» What is required: At the line containing "ISE Publishes Updated", begin an exact copy of the lines below and continue through the final one, with no pictures.

» Recorded information:
>>>

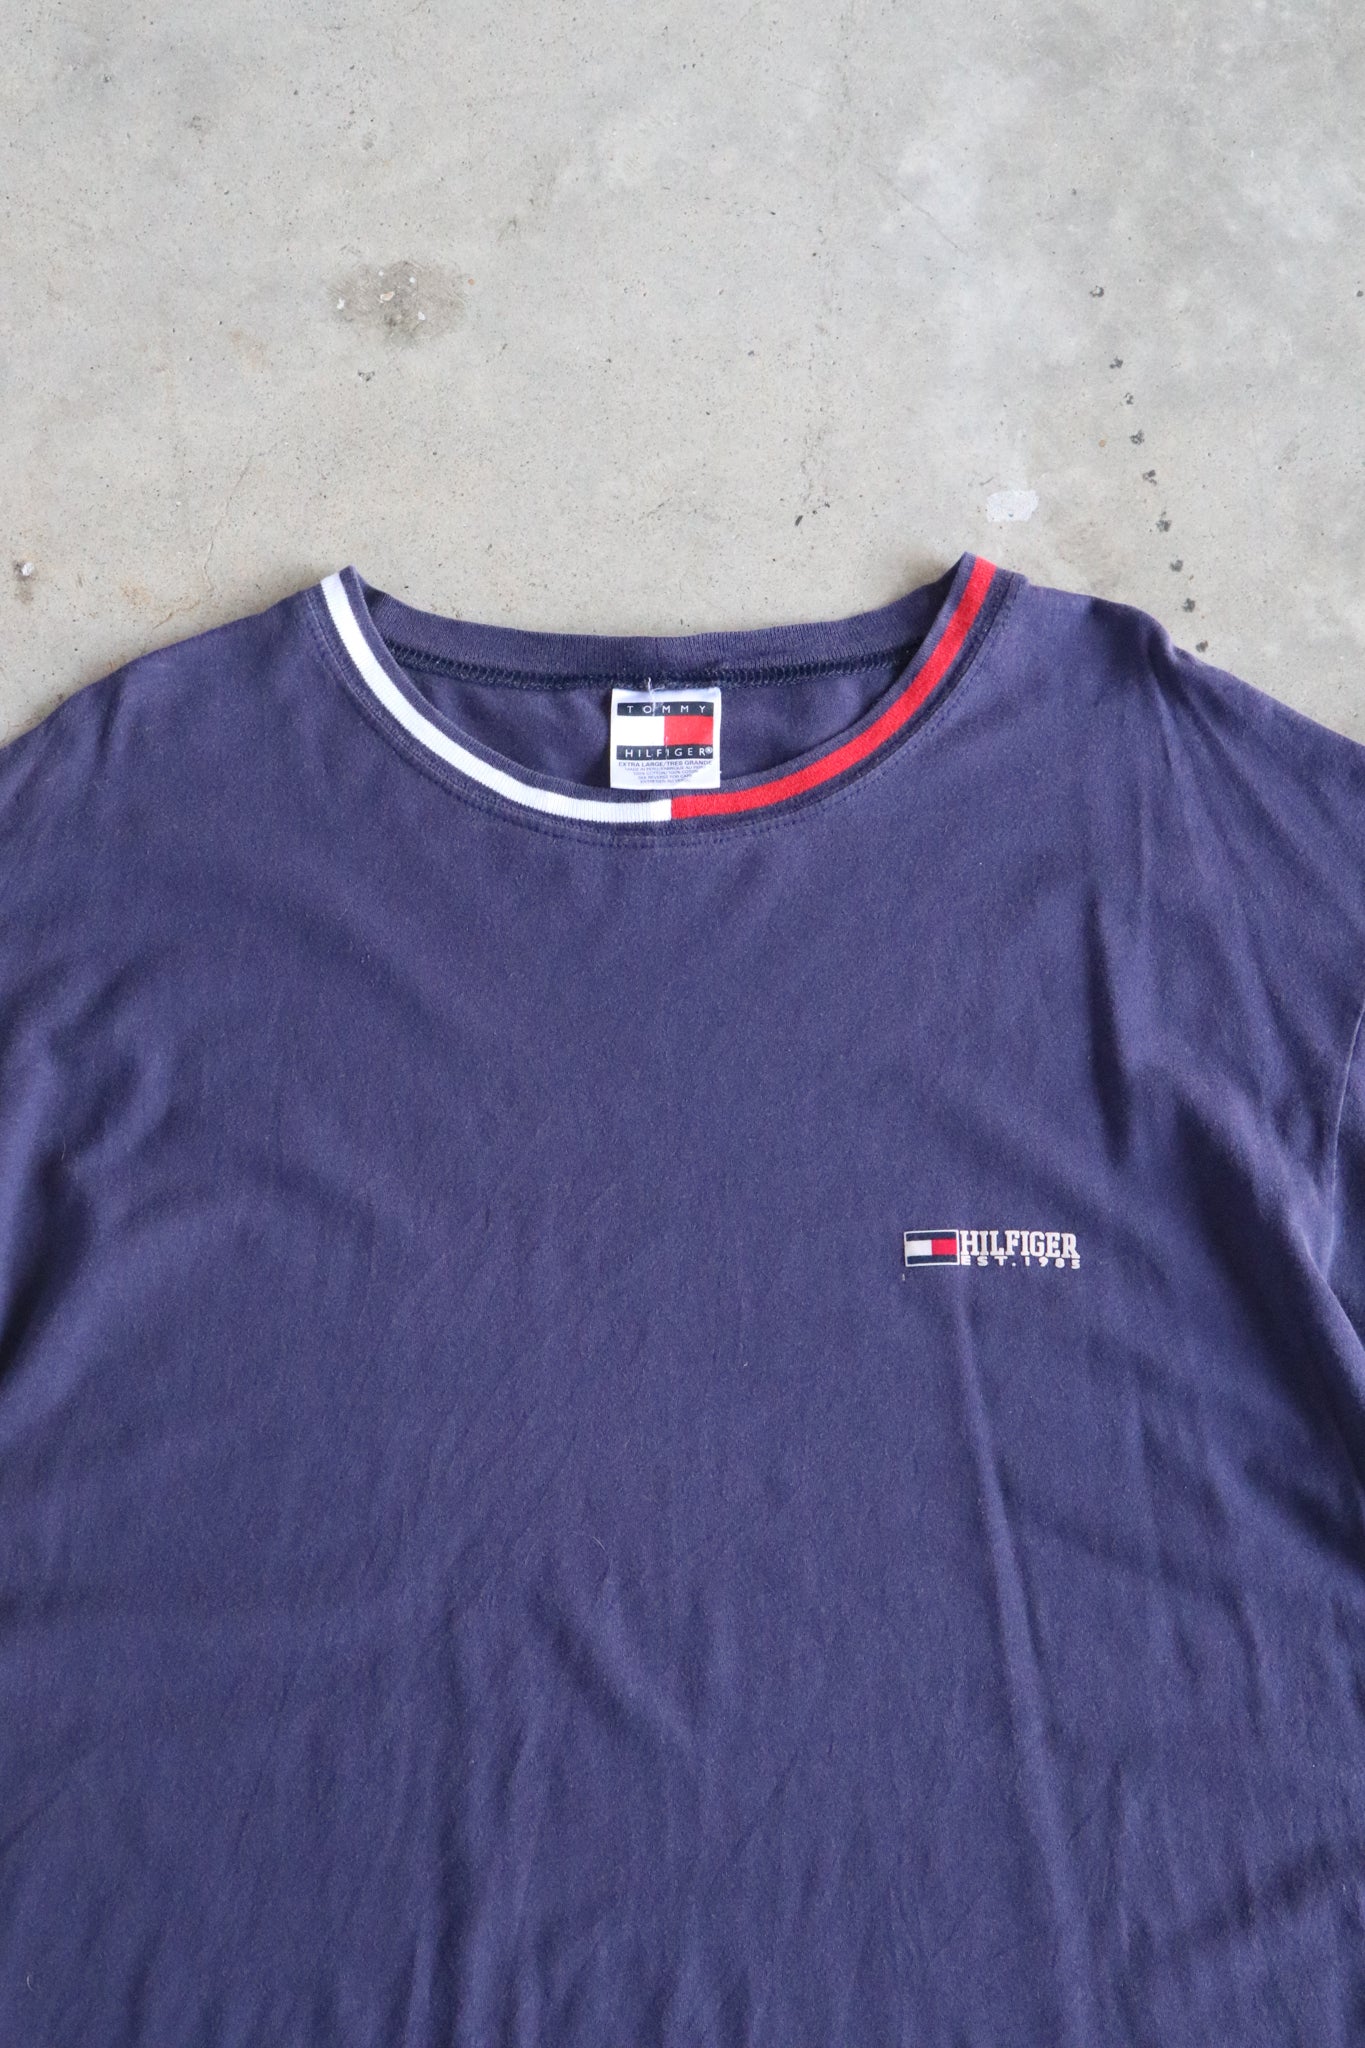 Vintage Tommy Hilfiger Spell Out Tee XL
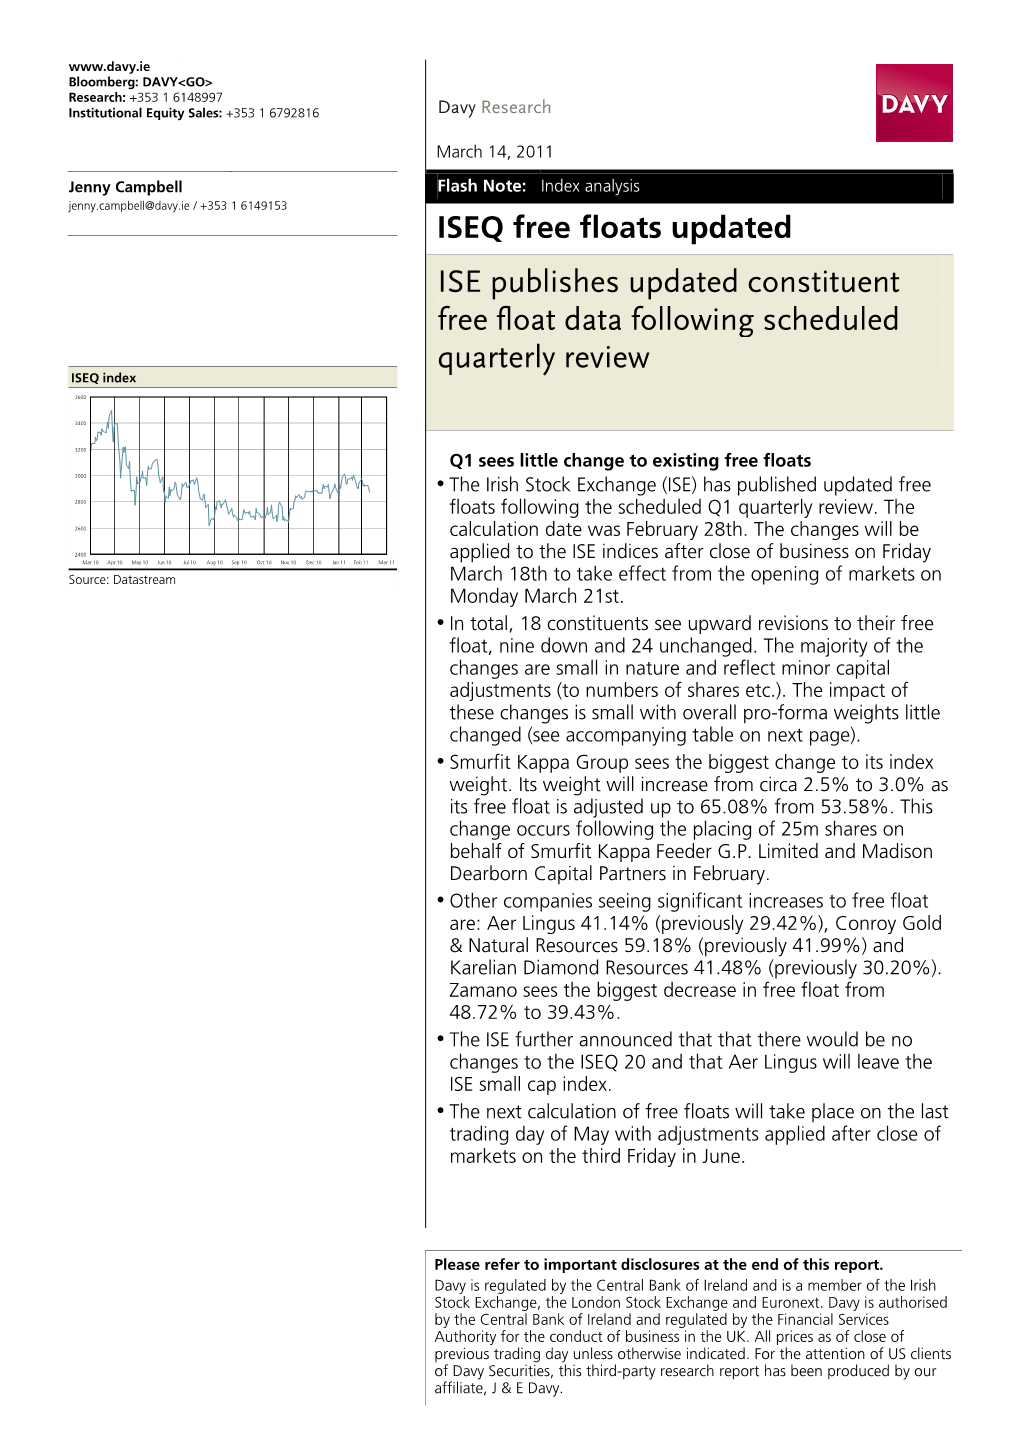 ISE Publishes Updated Constituent Free Float Data Following Scheduled Quarterly Review ISEQ Index
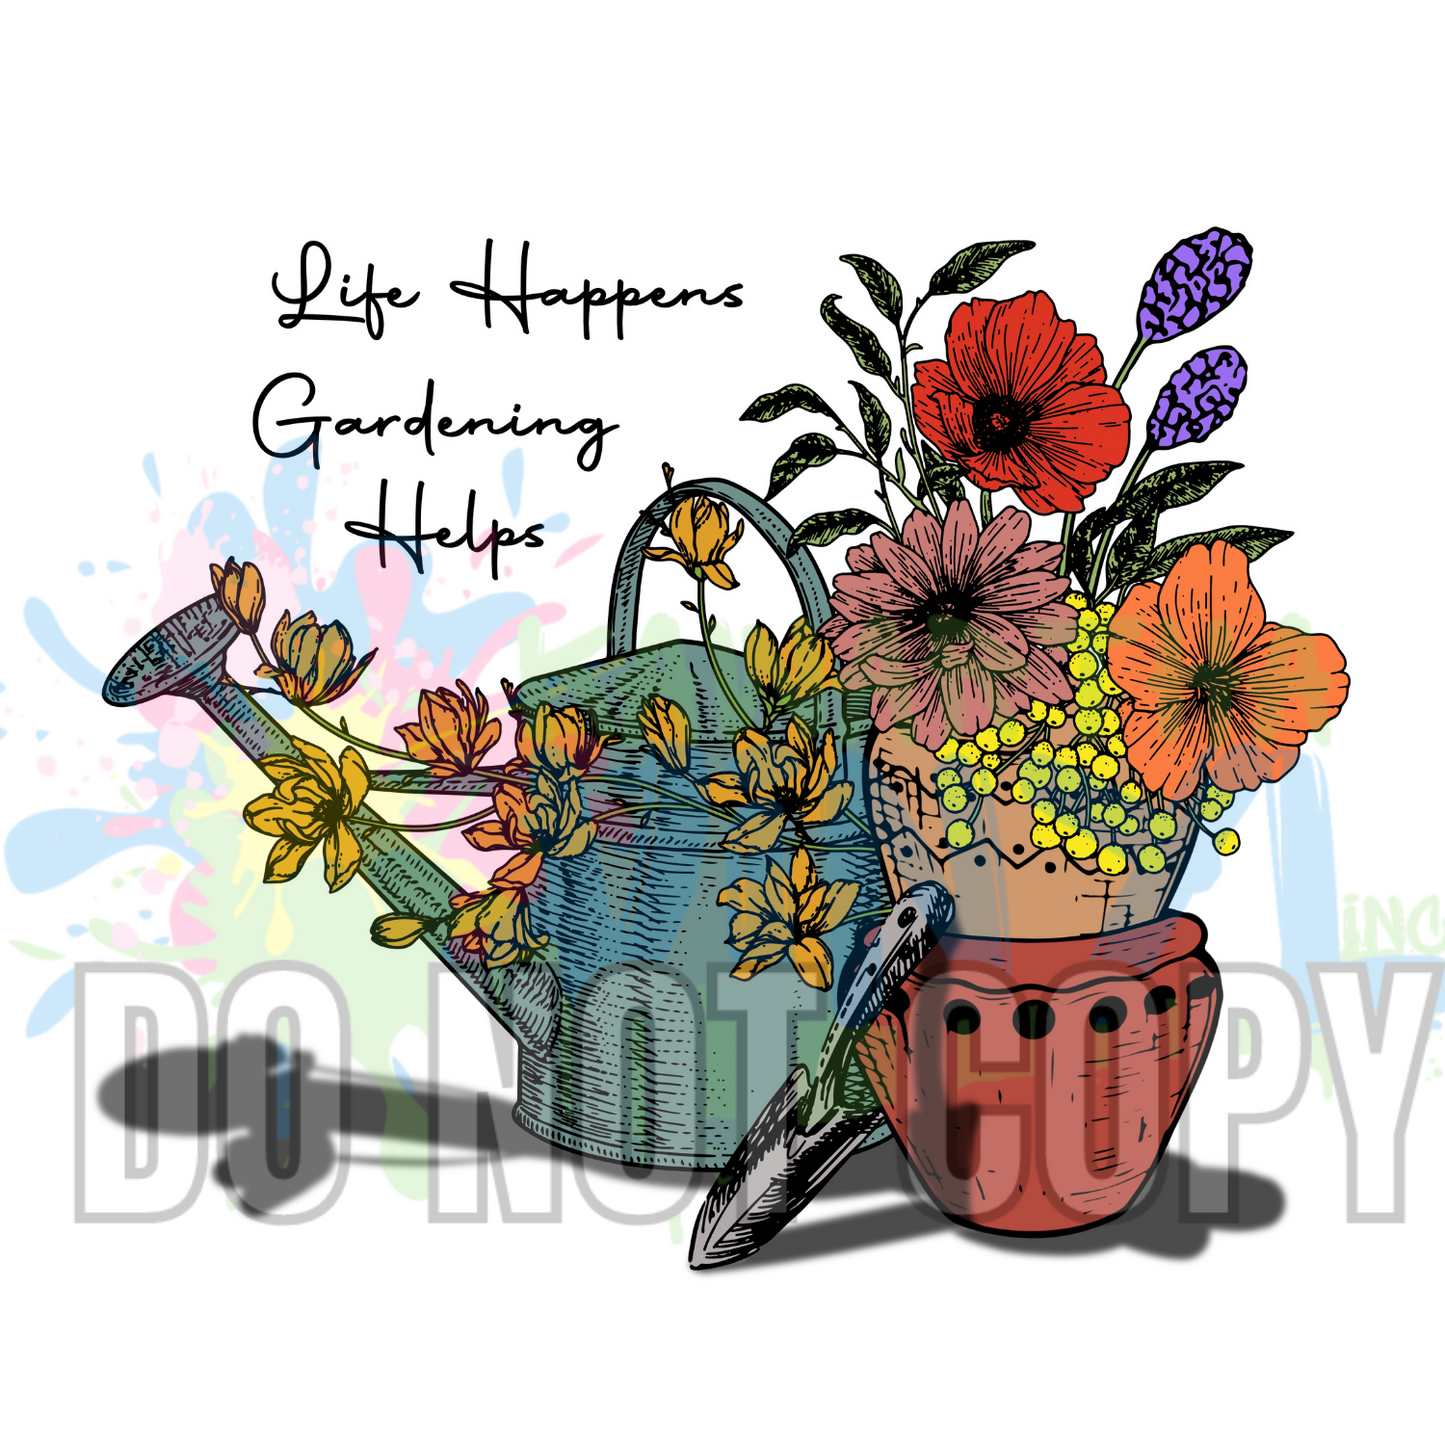 Life Happens Gardening Helps Sublimation Print

<<<

» Result of this task:
 ISE Publishes Updated Constituent Free Float Data Following Scheduled Quarterly Review ISEQ Index
 Life Happens Gardening Helps Sublimation Print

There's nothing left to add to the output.